§ Directions for this task:
Leaving out every picture, quote the data below exactly as it appears.

§ Supplied data:
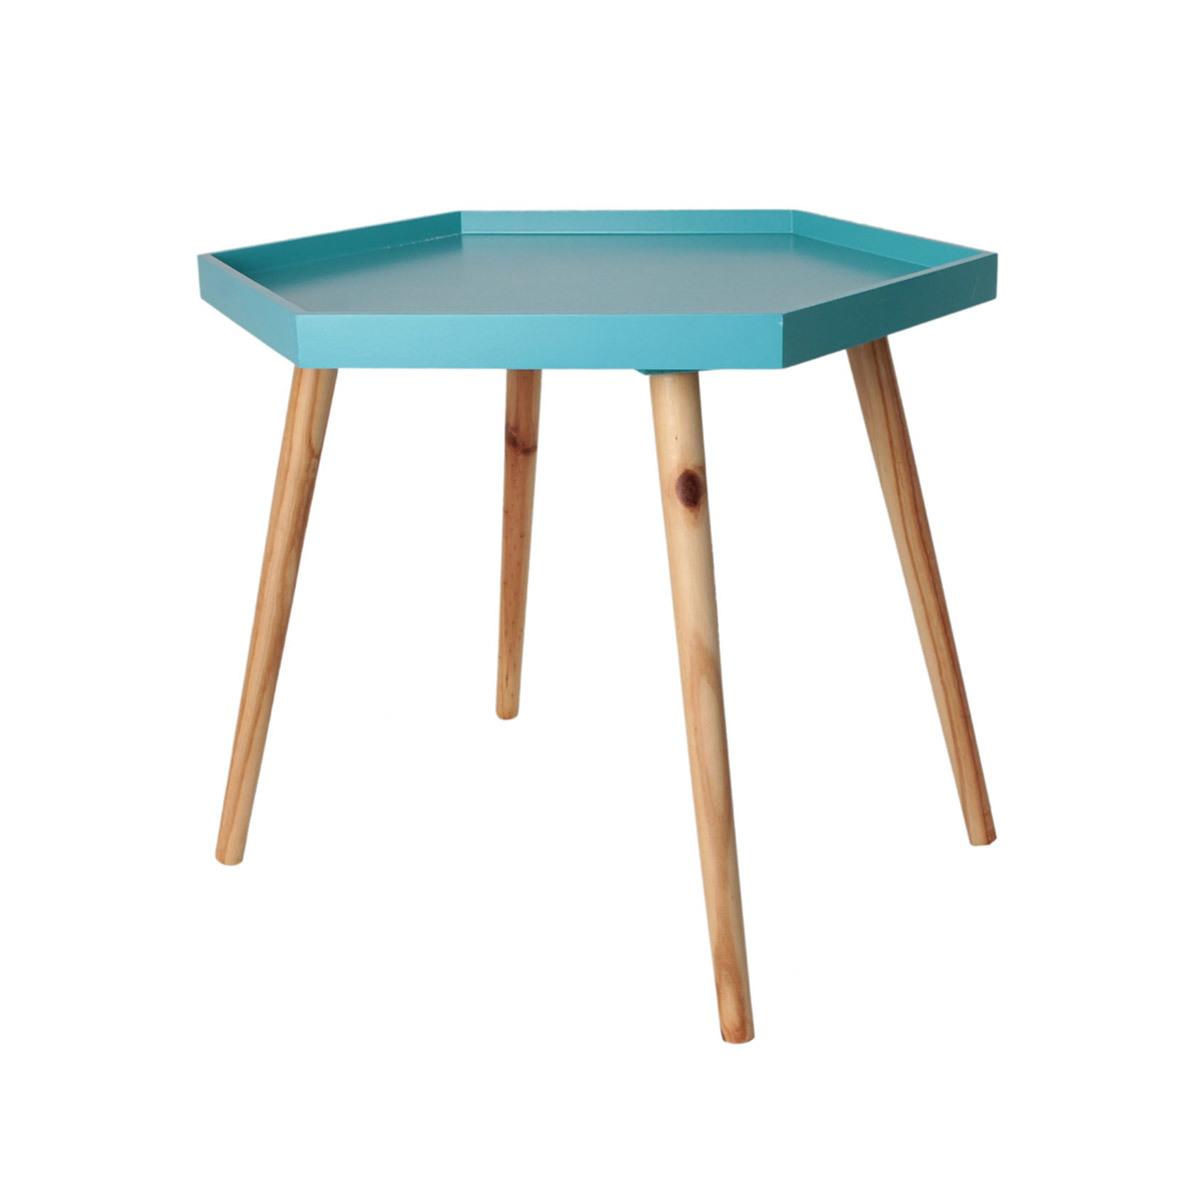 pieds de table amovibles simple tabouret tiptoe empilable chne massif vert tabouret lou tiptoe. Black Bedroom Furniture Sets. Home Design Ideas
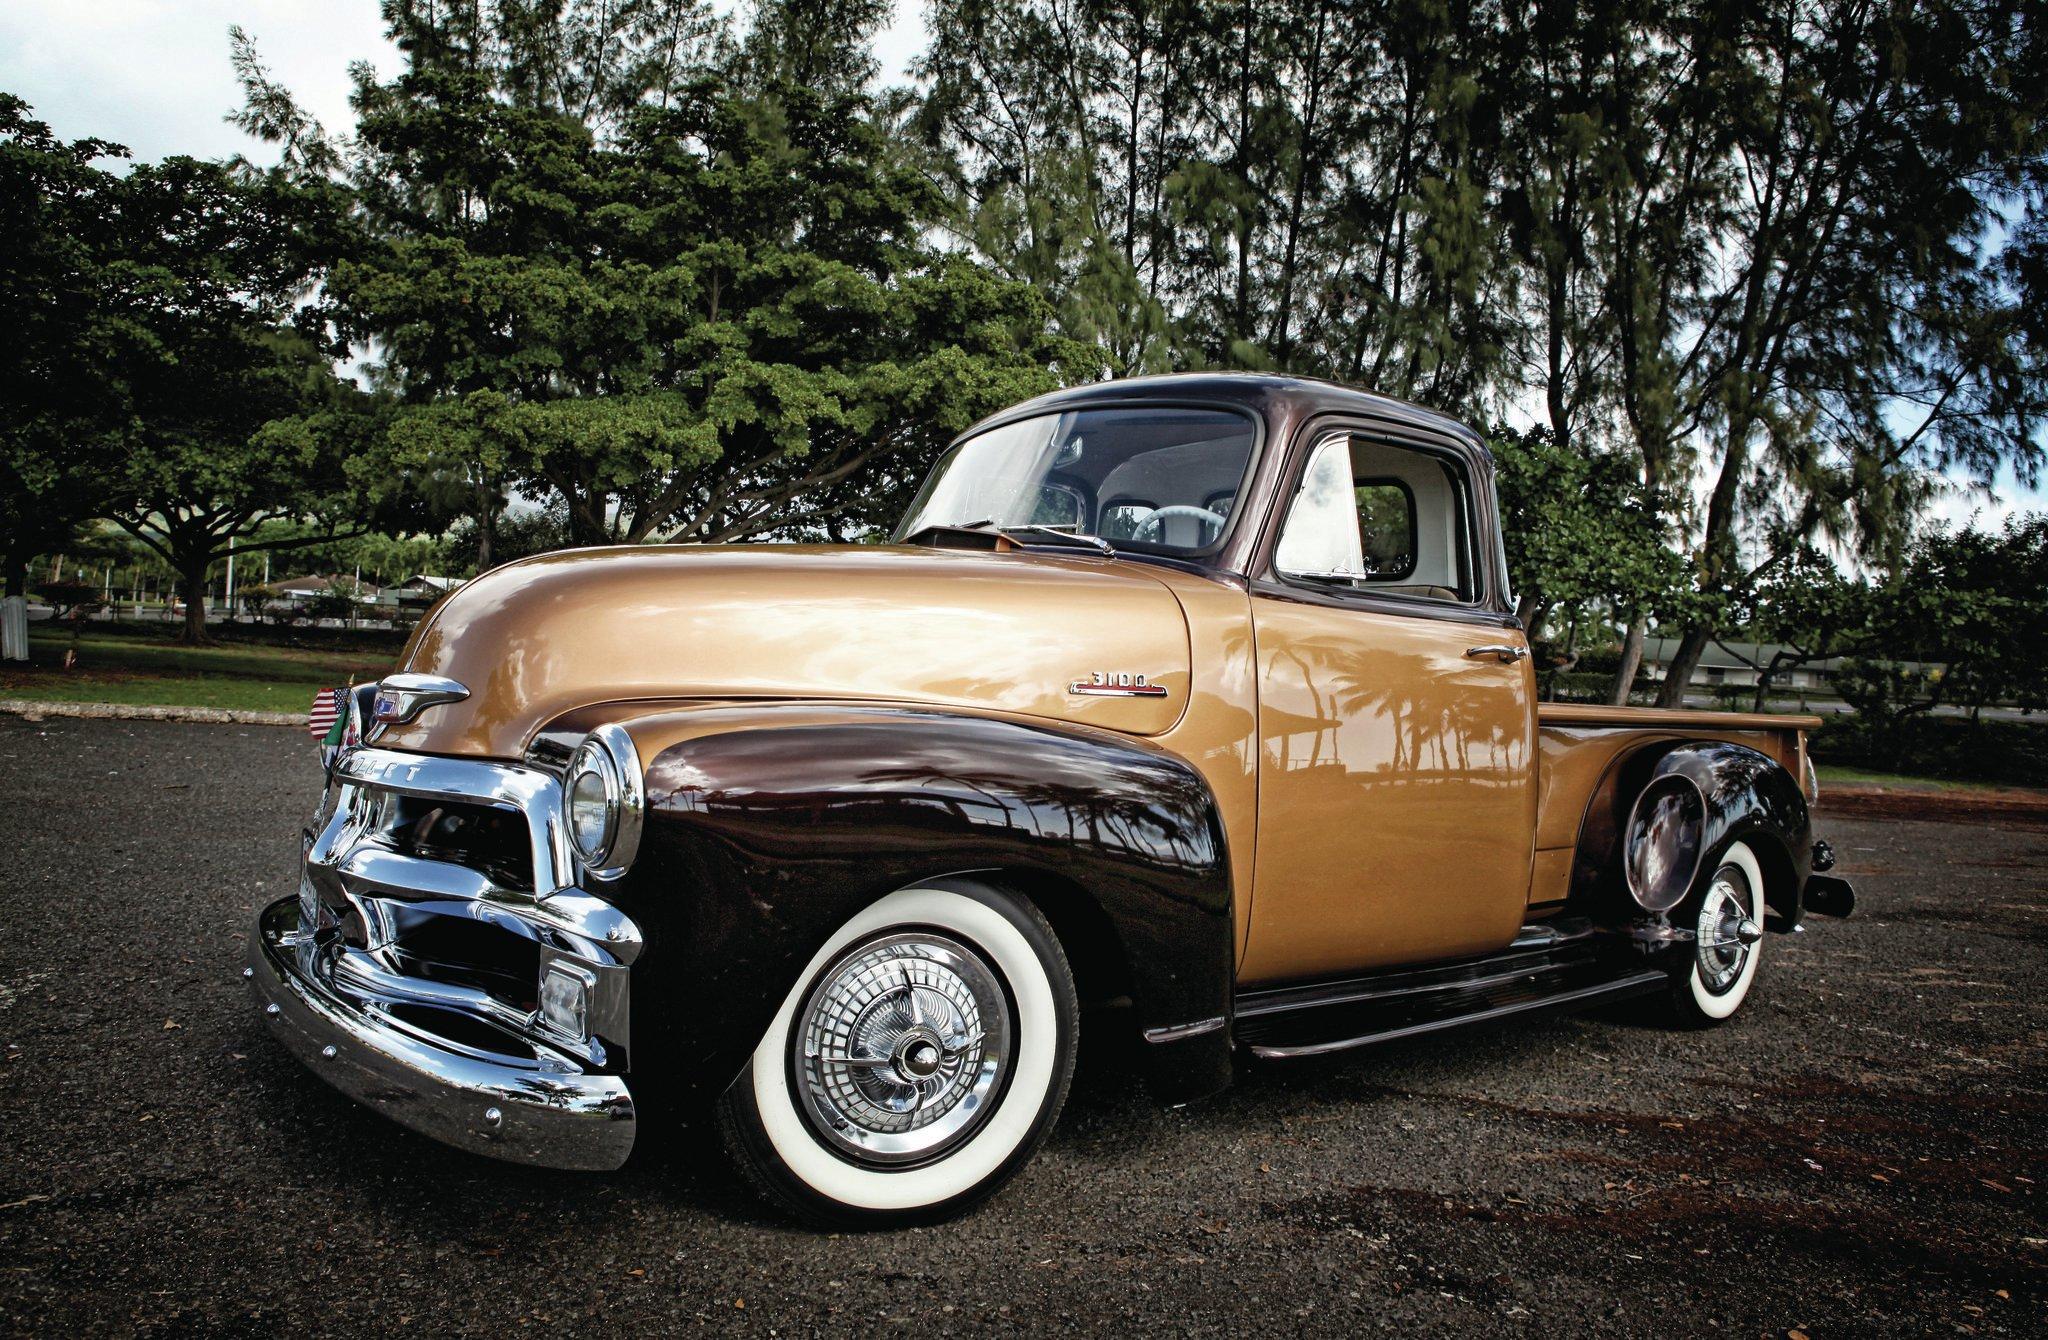 1954 Chevrolet 3100 Hawaiian Stepside Chevy Pickup Truck 2 18
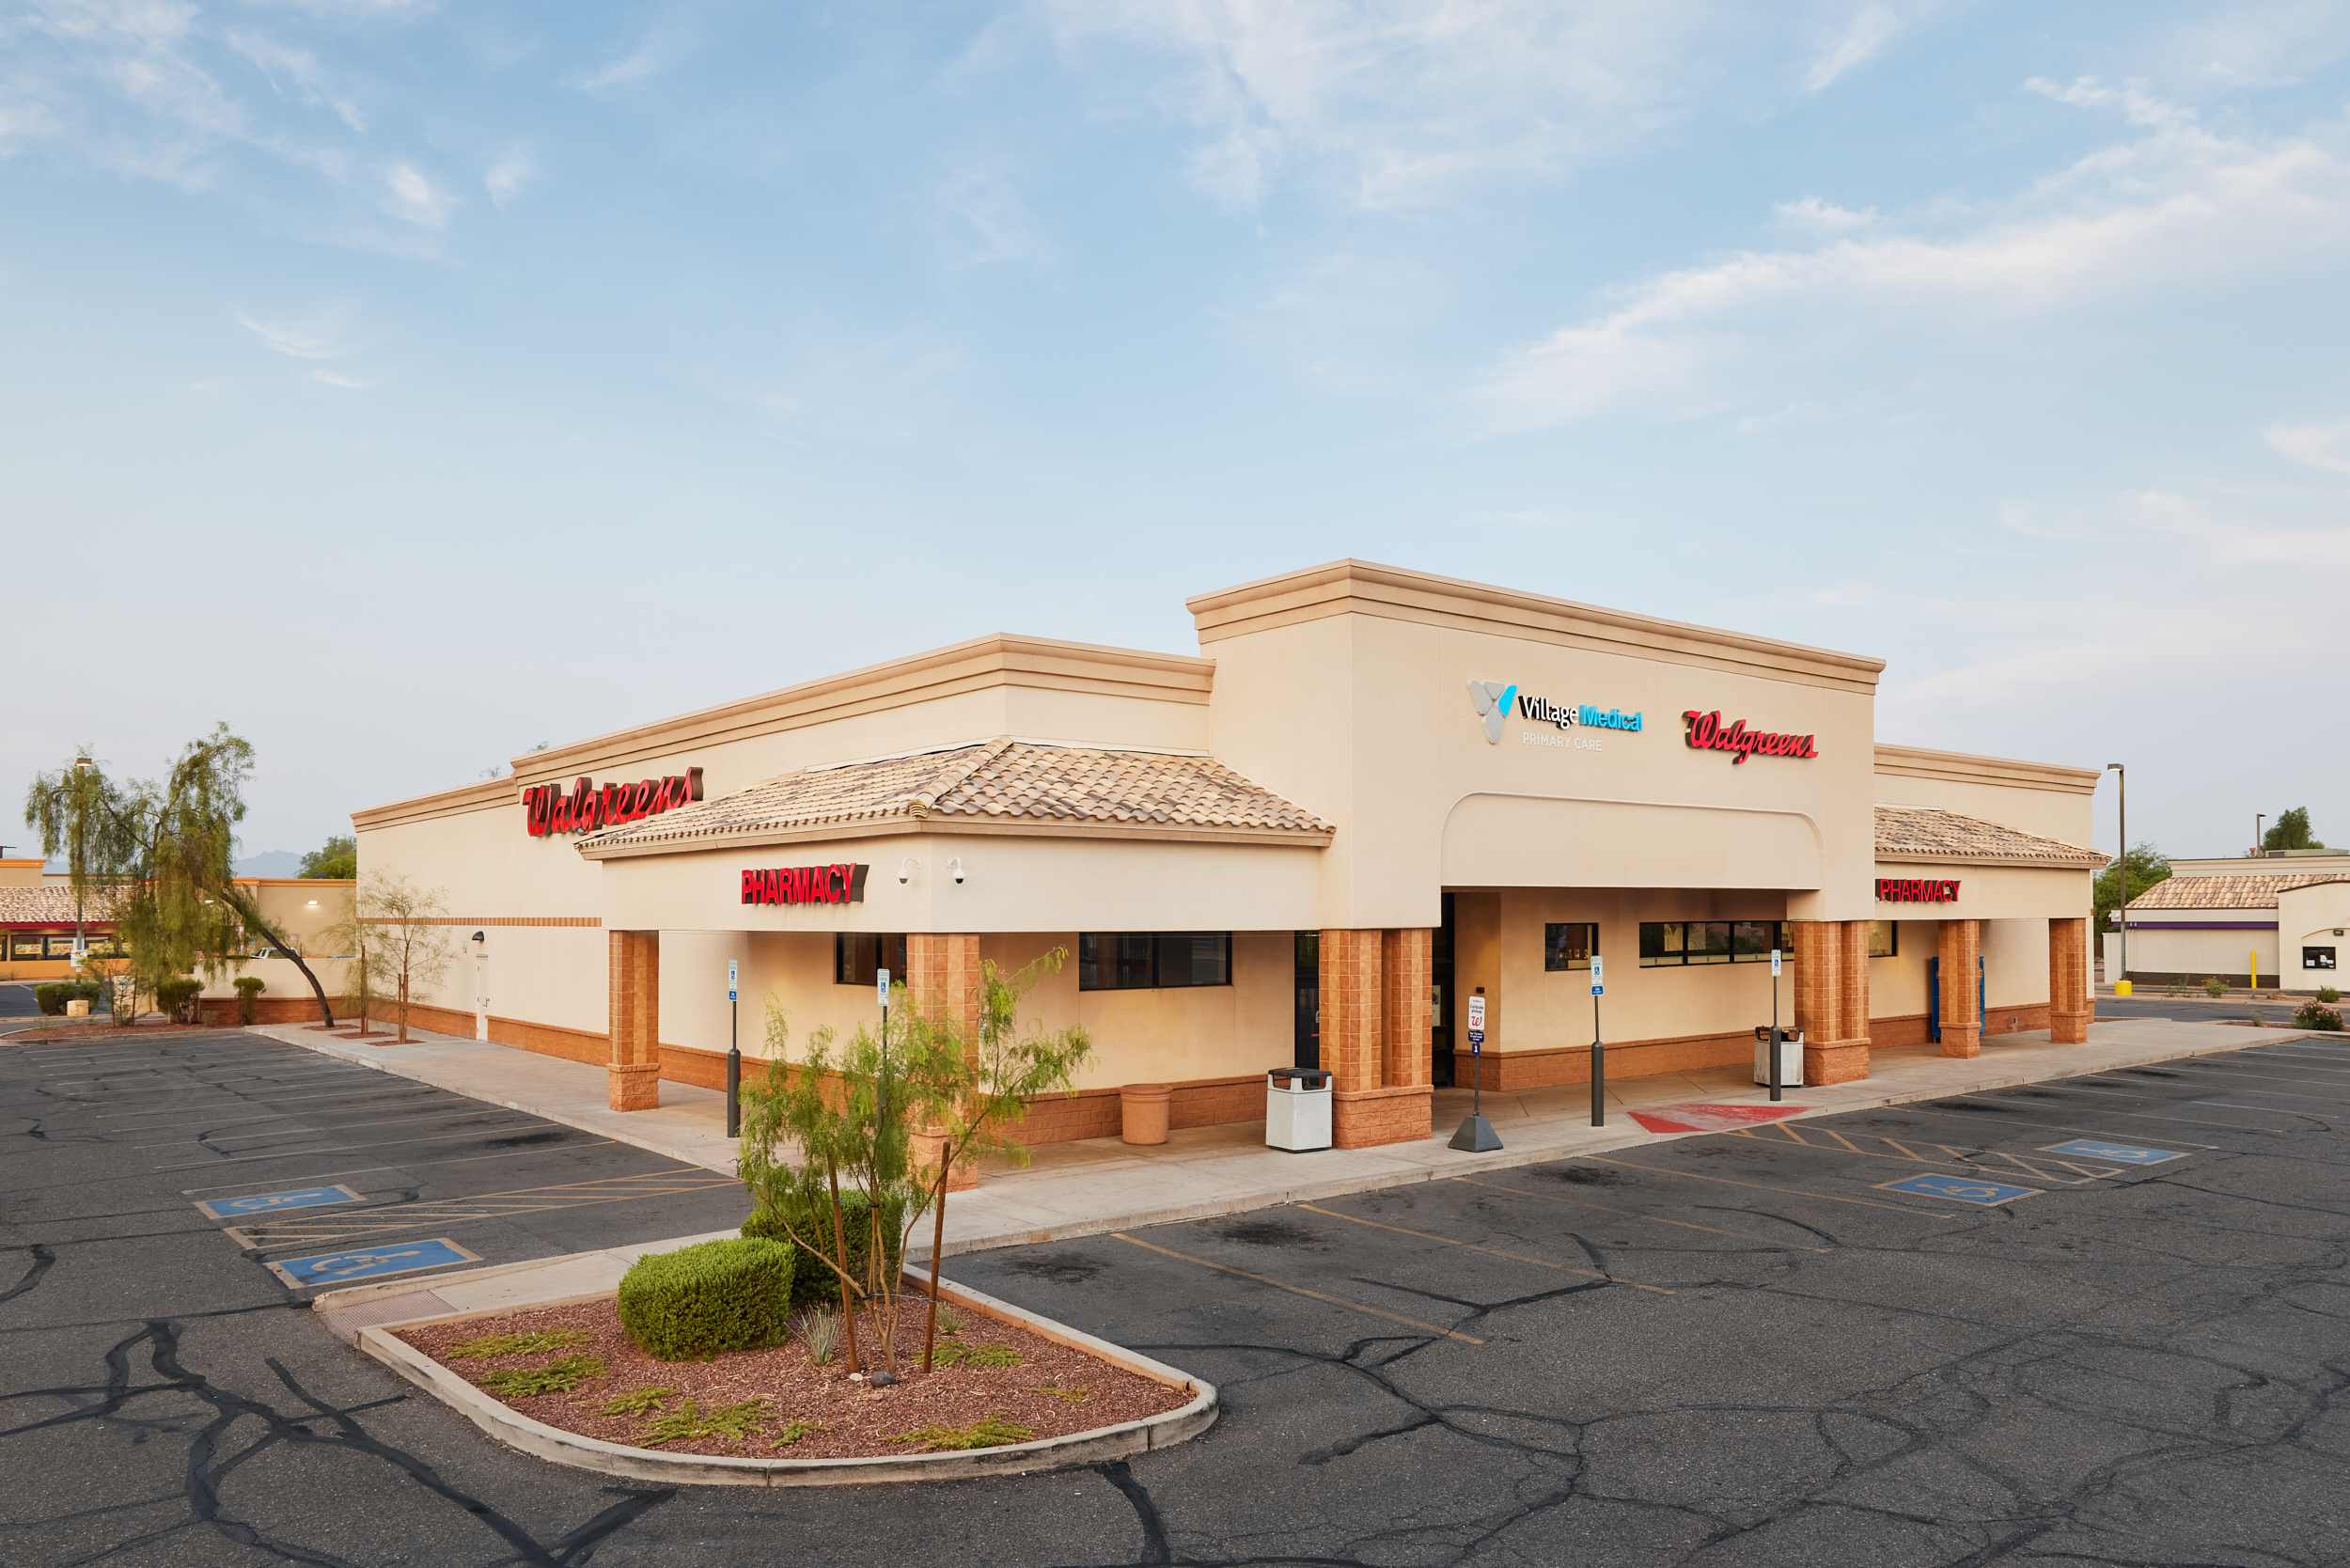 Village Medical at Walgreens - 10705 W. Indian School Rd. Suite. 100 Avondale, AZ 85392

§ Answer for this exercise:
 pieds de table amovibles simple tabouret tiptoe empilable chne massif vert tabouret lou tiptoe. Black Bedroom Furniture Sets. Home Design Ideas
 1954 Chevrolet 3100 Hawaiian Stepside Chevy Pickup Truck 2 18
 Village Medical at Walgreens - 10705 W. Indian School Rd. Suite. 100 Avondale, AZ 85392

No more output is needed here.